How Addiction Shapes the Brain

How does addiction change the brain? Professor Julie Kauer has found that the changes involved in becoming addicted are very similar to when learning or memorising...
06 January 2008

Interview with 

Professor Julie Kauer, Brown University

nerve_cell.jpg

A neurone

Share

Professor Barry Everitt introduced us to some of the mechanisms behind addiction, and how it affects brain chemistry.  Also working on the effect of addiction on the brain is Professor Julie Kauer, from Brown University.

Chris - Now, you've been studying some of the connections in the brain. Tell us what you found.

Julie - Well, let's see. Briefly, there's been a growing theory in the field of people who study cellular changes that occur during addiction. The changes that occur in the brain are somewhat akin to those that occur with learning and memory. Over the last ten years or so there's been a growing number of research papers looking at this problem and trying to see whether or not the changes that occur in parts of the brain involved in say, dopaminergic function as Barry was mentioning, may be similar to those that happen in parts of the brain involved in memory.
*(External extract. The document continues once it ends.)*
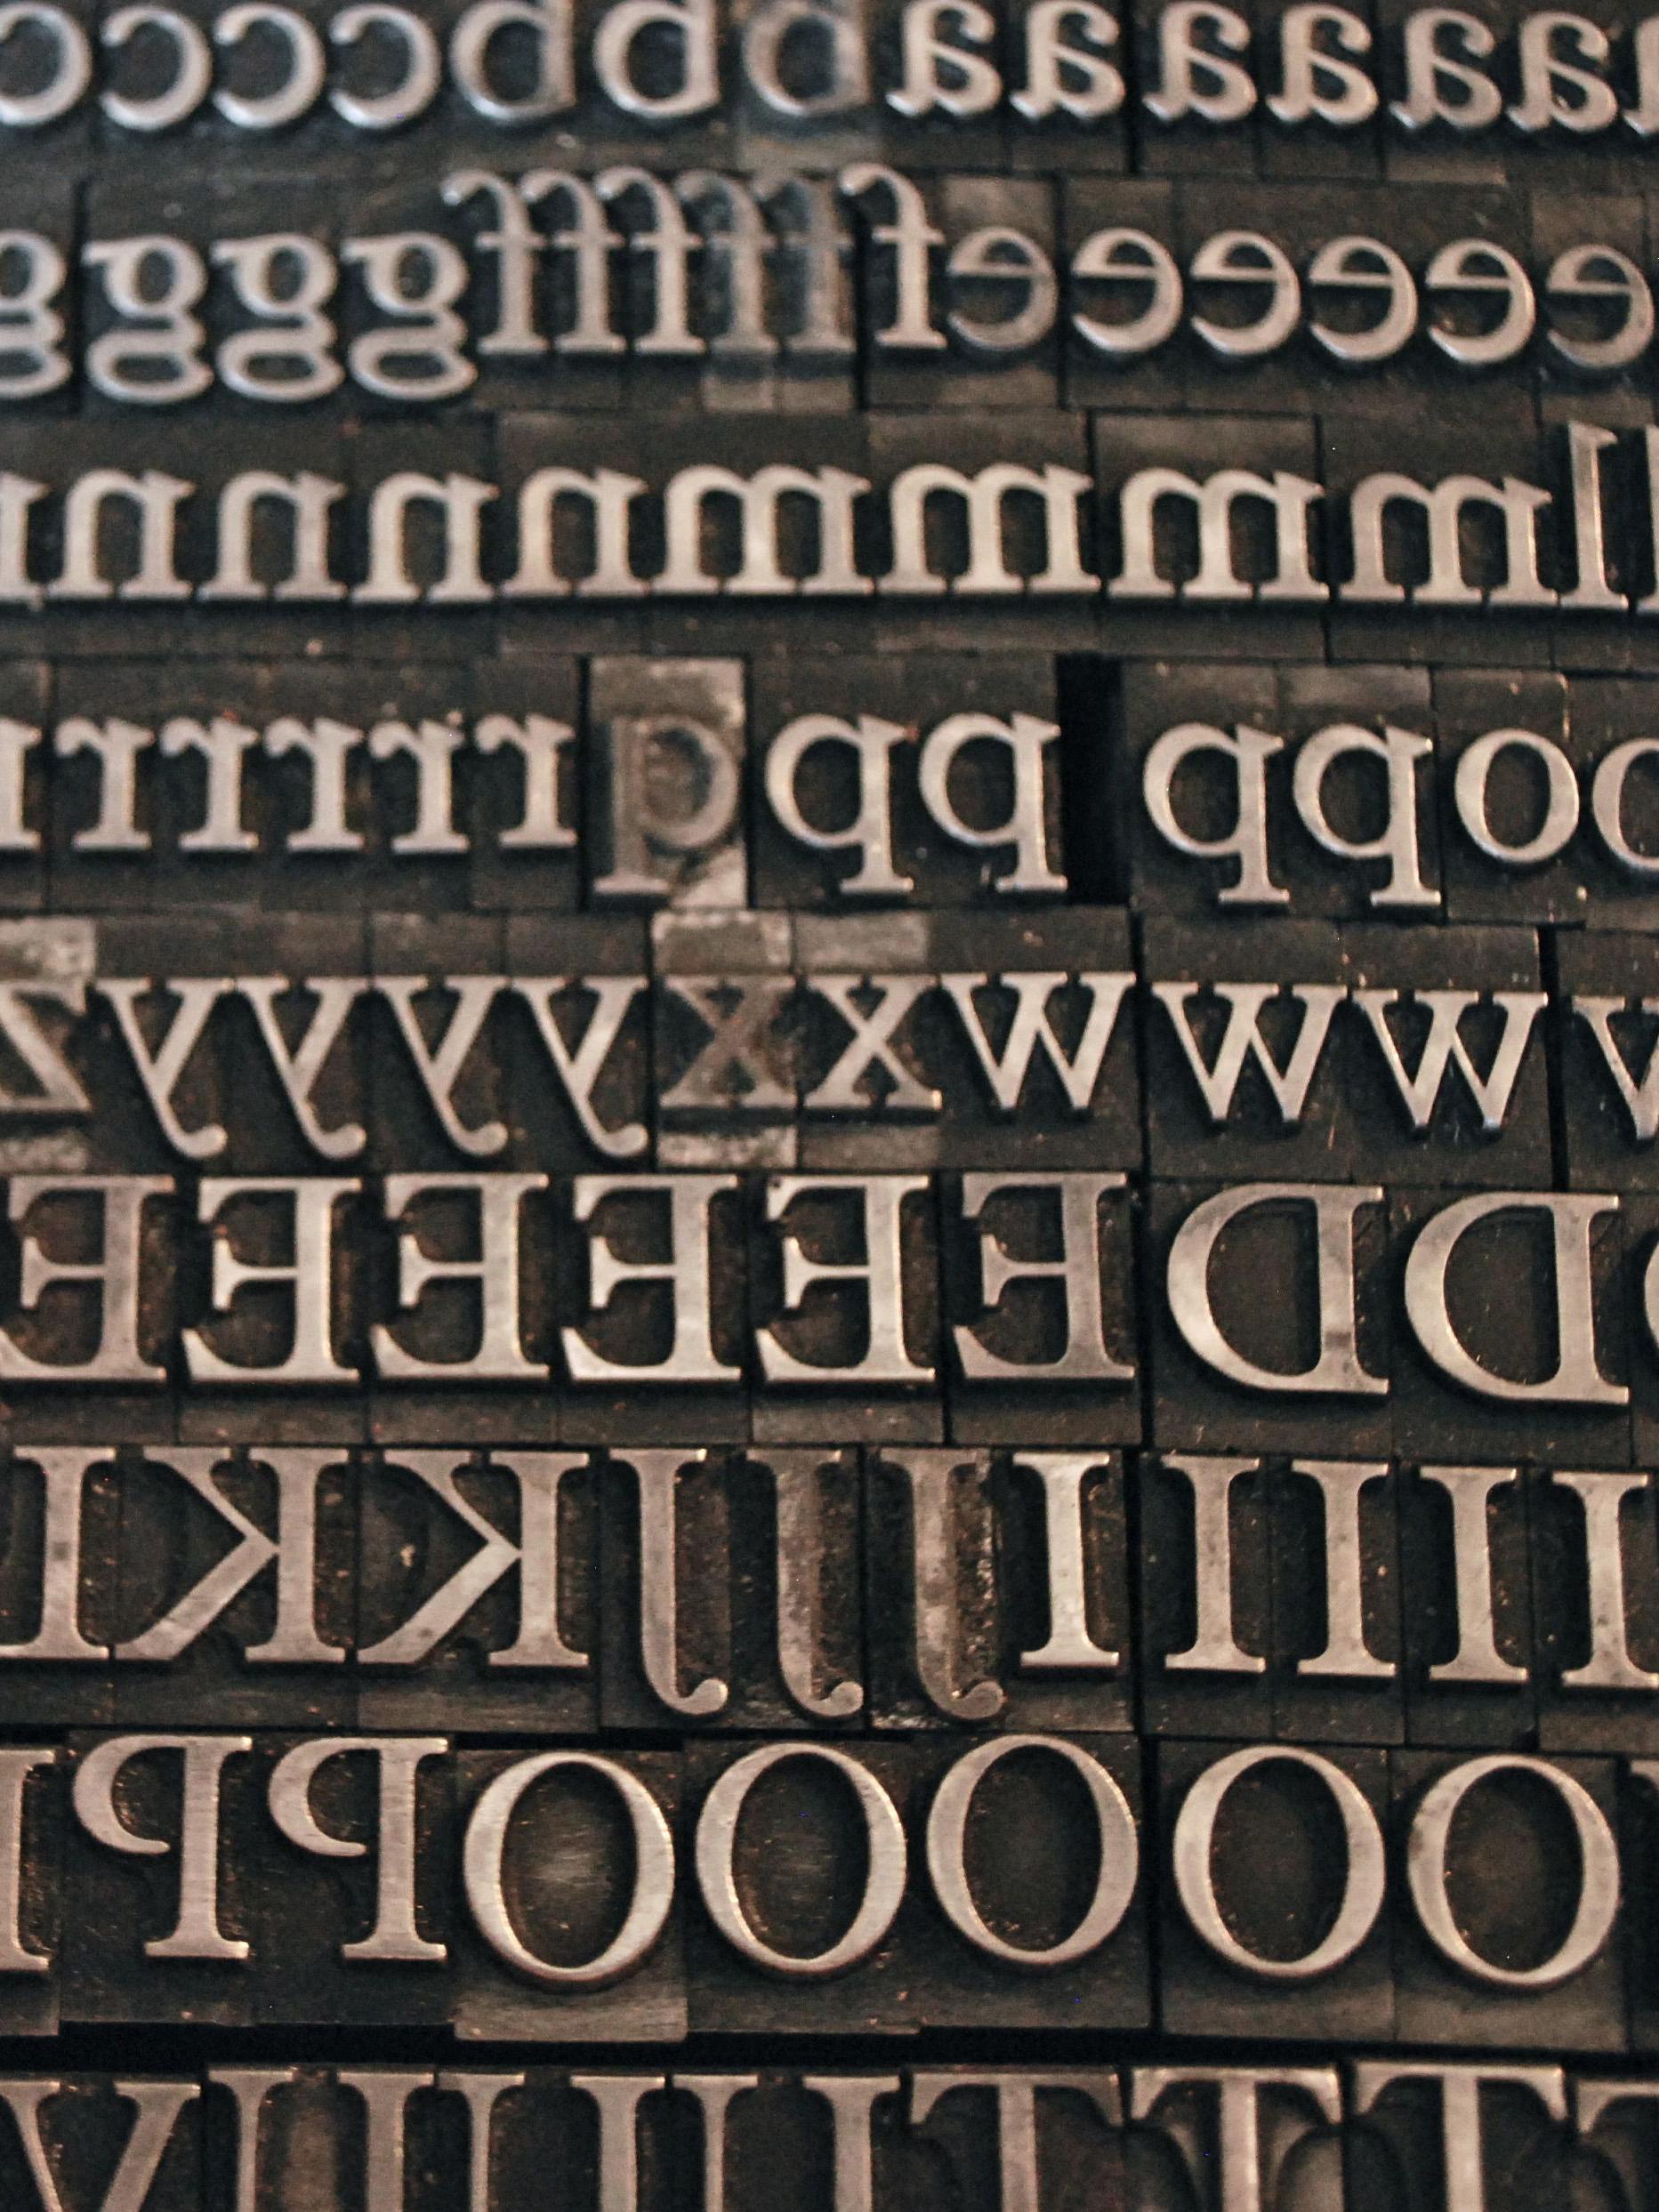 Plantin letterpress type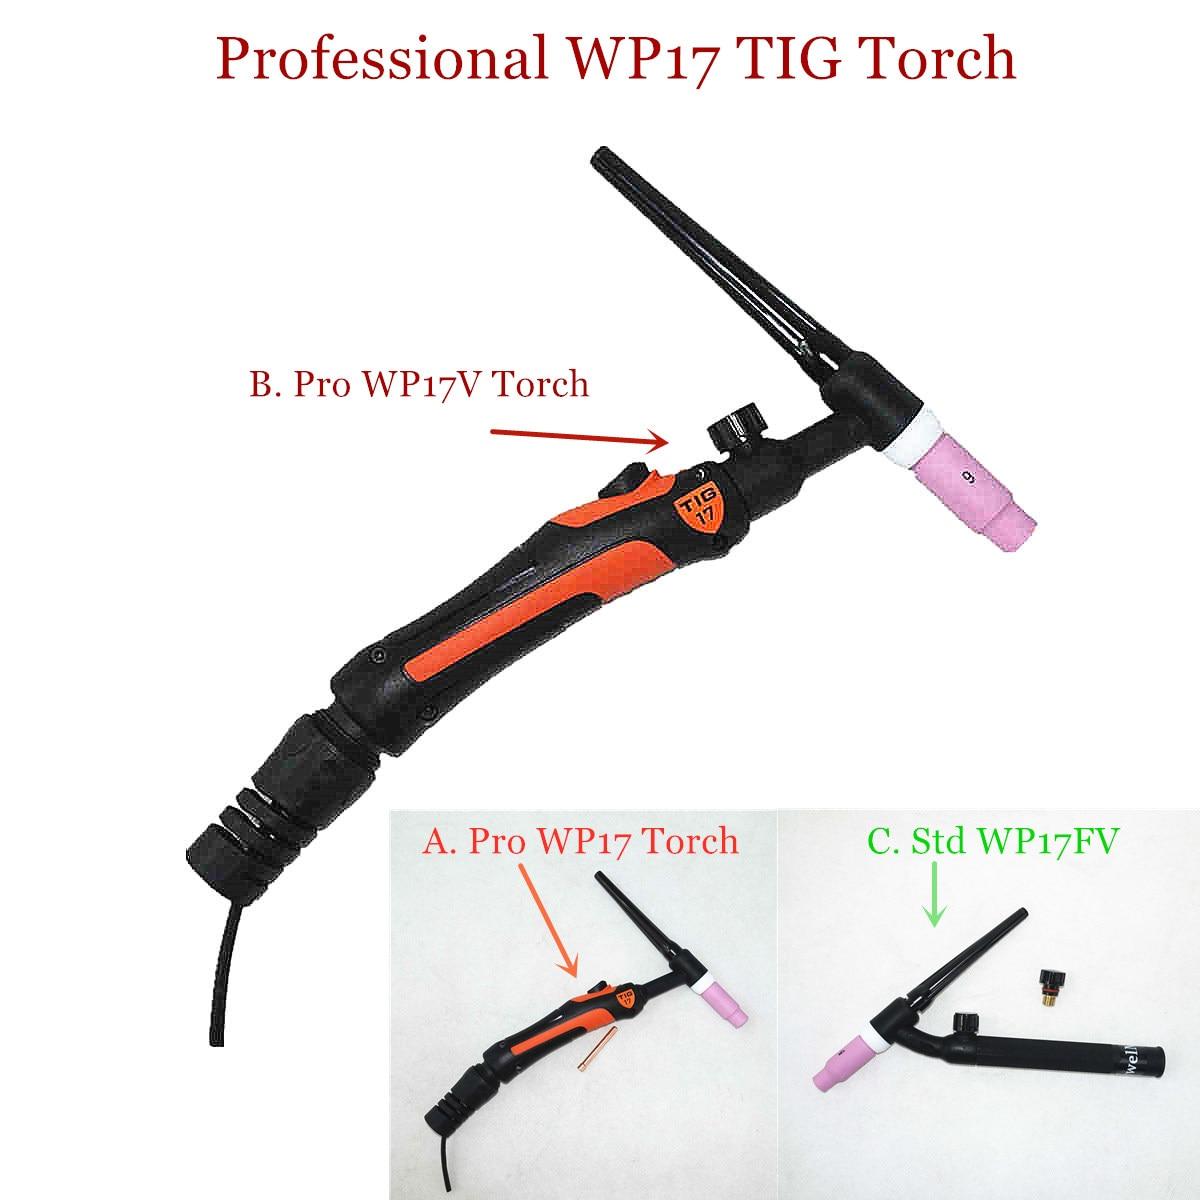 Professional WP17 TIG Torch 150A GTAW Gas Tungsten Welding Gun Argon Air Cooled WP17V Gas Valve W7FV Flexible TIG Welding Torch

Chris - So the same way as you learn your maths homework, you also learn to take drugs. What's the reward then in doing your maths homework versus the reward you get for taking drugs because drugs, temporarily, can change your mood. That's the attraction to most people of using them. Whereas learning and memory: what's the reward?

Nerve CellJulie - It's a little more complicated that that. It's a more basic mechanism that is similar between the two processes. It's not simply a learning to be addicted to a drug because it's rewarding whereas you may not find maths as rewarding. Instead the changes that occur during learning are a strengthening of the synapses, which is the connection between two neurons. There's considerable evidence that during learning what happens is that the synapses, the connections between cells, become stronger in parts of the brain that serve memory. However, in the parts of the brain that subserve addiction, as Barry mentioned before, the reinforcement for natural rewarding stimuli and things that are important for survival; the strengthening of those synapses that occurs by drug abuse may have pathological effect on the system that actually directly taps in to long-lasting, maladaptive changes in that circuitry. It's not that the same circuits that you're learning with during your maths homework are altered during your use of cocaine but rather it's a different part of the brain in which maybe the changes in synaptic strength are not appropriate and are perhaps even beyond what should normally happen with rewarding stimuli.

Chris - When we learn something we have a connection between nerve cell A and nerve cell B and that connection can be strengthened or weakened and that's the learning experience. How are you proposing that addictive drugs can affect that process? What's going on?

Julie - We found two things. First of all there's considerable evidence the neurons released dopamine which seems to play a key role in early response to drugs. Those neurons can be controlled by excitatory input onto them or inhibitory inputs onto them. There's a lot of evidence that a single exposure to a drug of abuse (and this seems to be multiple drugs from ethanol/alcohol to cocaine) all produce a strengthening of the excitatory synapses which then would drive those dopamine neurons to fire more frequently and for long periods of time which may contribute to the early effects of drugs. The other way that you could increase the firing and activity of dopamine neurons would be to reduce inhibitory inputs onto them. What my lab found was that a normal process that seems to occur is potentiating of those inhibitory circuits. This may exist as a way to balance the potentiating of excitatory synapses in a normal, healthy brain. What we found, intriguingly, was that if an animal was given morphine and then we looked 24 hours later we found that the inhibitory potentiation was completely absent.

Chris - So does this mean that potentially, one exposure to one of these nasty agents could have life-long consequences?

Julie - I don't know the answer to that question and we're very interested in finding it out. Clearly the work that my lab's been interested in can only really speak for initial effects of drugs. Very clearly, in most cases a single exposure to one of these drugs does not produce addiction. However, it's possible that taking the drug even once sets the stage, in a way, for the vulnerability issue.

Chris - Just very briefly to finish off, Julie, given that you've found this new mechanism or you're uncovering this new way of thinking about how addiction occurs you've therefore got another way to think about how to break an addiction. Could we block this process and therefore treat people who have an addition to various drugs via a new way?

Julie - The work that we have carried out has pinpointed a single molecule in this dopaminergic brain region called guanylate cyclase. What may be true is that if we were to modulate this drug target at the same time that an addictive drug like morphine were delivered to a person that we might be able to ameliorate any addictive properties of the drug that would develop over time without affecting its analgesic effects. As morphine is given frequently in the hospital, all the time, this might be a useful process. We don't know whether targeting this molecule would be able to reverse addiction which is clearly a very persistent problem.

Chris - It still sounds like a very fertile area to look into.